The Upshot: The company filed a shelf registration with the SEC for the issuance of up to four million shares, which could raise more than $152 million in working capital based on its current stock price.

For strategic purposes, Canadian Solar is shifting to a more vertically integrated production structure. Moving solar-wafer and solar-cell assembly in-house -- combined with long-term (and diversified) supply high-grade silicon/ingot supply agreements and silicon-reclamation initiatives -- does generate raw material cost savings. Proper management of the supply chain, however, holds the company captive to a higher fixed cost structure, too.

Predictably, the company -- like many of its peers -- is shifting product mix to favor a standard solar module design.

In 2007, approximately 96 percent of Canadian Solar's module product sales consisted of standard solar module sales, up from 77 percent in 2005.

Canadian Solar expects to deliver more than 500 megawatts of solar modules in fiscal 2009. On the back of strong demand, Canadian Solar is looking to boost in-house solar module production to about 800 megawatts annually, two-times the current capacity.

The Board of Directors has authorized an increase in capital expenses beyond the originally budgeted $92 million (for anticipated expansion capacity of its assembly lines in 2008).

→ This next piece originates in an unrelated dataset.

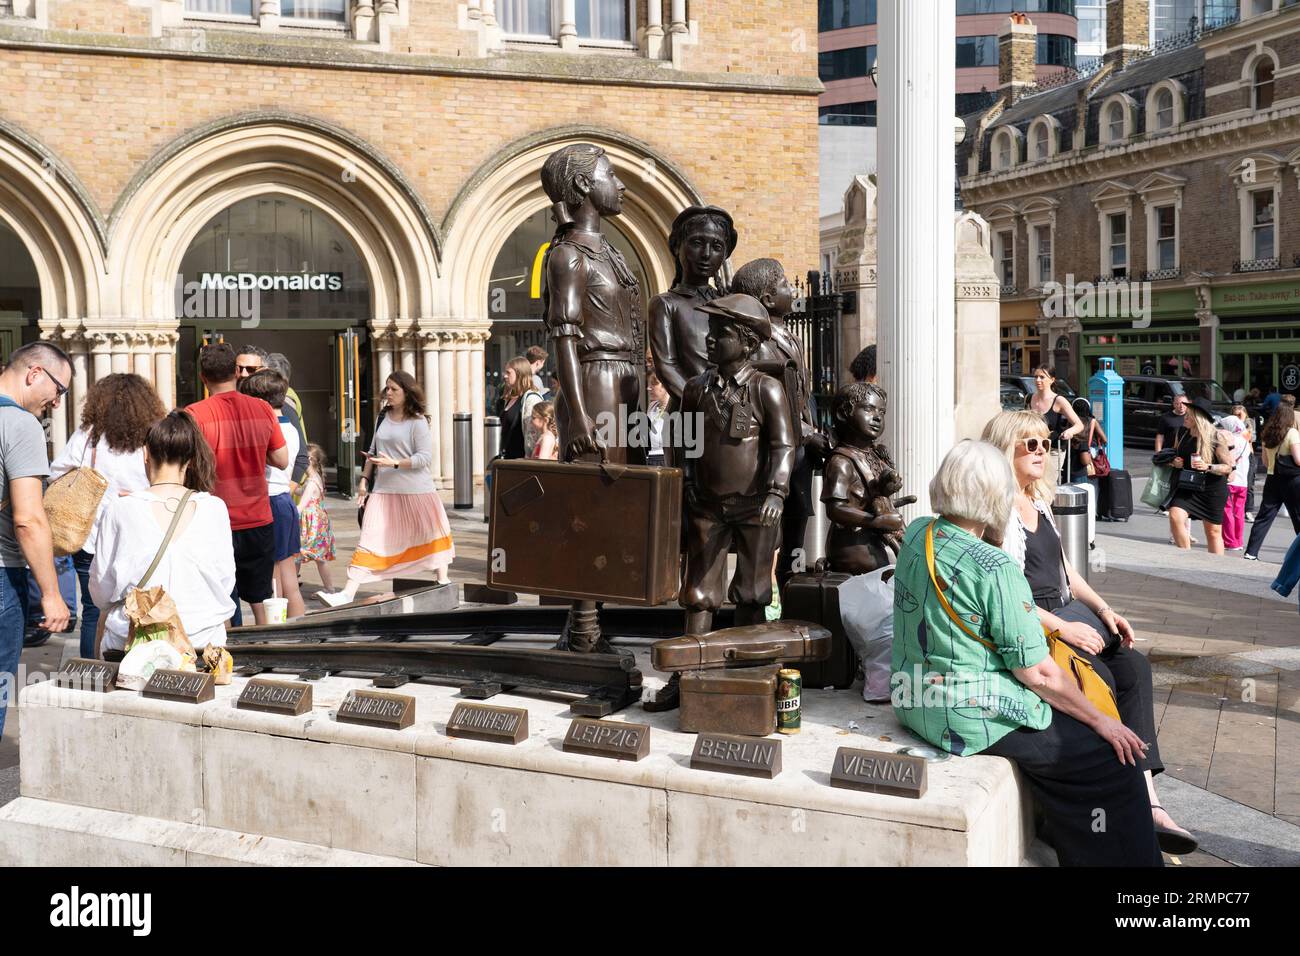 Kindertransport – The Arrival is a bronze memorial sculpture of rescued Jewish children by Frank Meisler outside Liverpool Street station, London, UK Stock Photo

In addition, more than $633.8 million in purchase obligations for silicon raw materials and production equipment comes due by 2011, according to its 2007 annual report filed with the SEC on June 3, 2008. To secure high-purity silicon feedstock, solar companies must pay forward silicon costs before receipt, which further strains working capital needs.

Canadian Solar is not operating in a vacuum. The peer landscape is getting crowded, with new entrants springing up in China and alternative manufacturing templates (such as thin film photovoltaic competitors SunTech and First Solar) seeking out financing and customers, too.

An unseen event horizon -- or a convergence of such unknowns -- could easily derail demand, leaving Canadian Solar and its solar peers with too much capacity.

If the ongoing credit crisis in the financial markets continues to ripple outward, major contracts could be canceled due to financing issues.

Demand for on-grid solar applications has been driven by favorable tax incentives in Spain and Germany. Reductions in solar subsidies could force all the players in the industry food chain, including photovoltaic module makers, to aggressively cut prices or face loosing market share (and excess capacity).

After peaking at $3.97 per watt in 2006, the average selling prices for standard solar modules was $3.75 per watt in 2007.

The Question: By abandoning custom-design products, does Canadian Solar -- or any of its polysilicon peers pursuing similar business strategies -- risk being the "memory chip" commodity players in the solar game?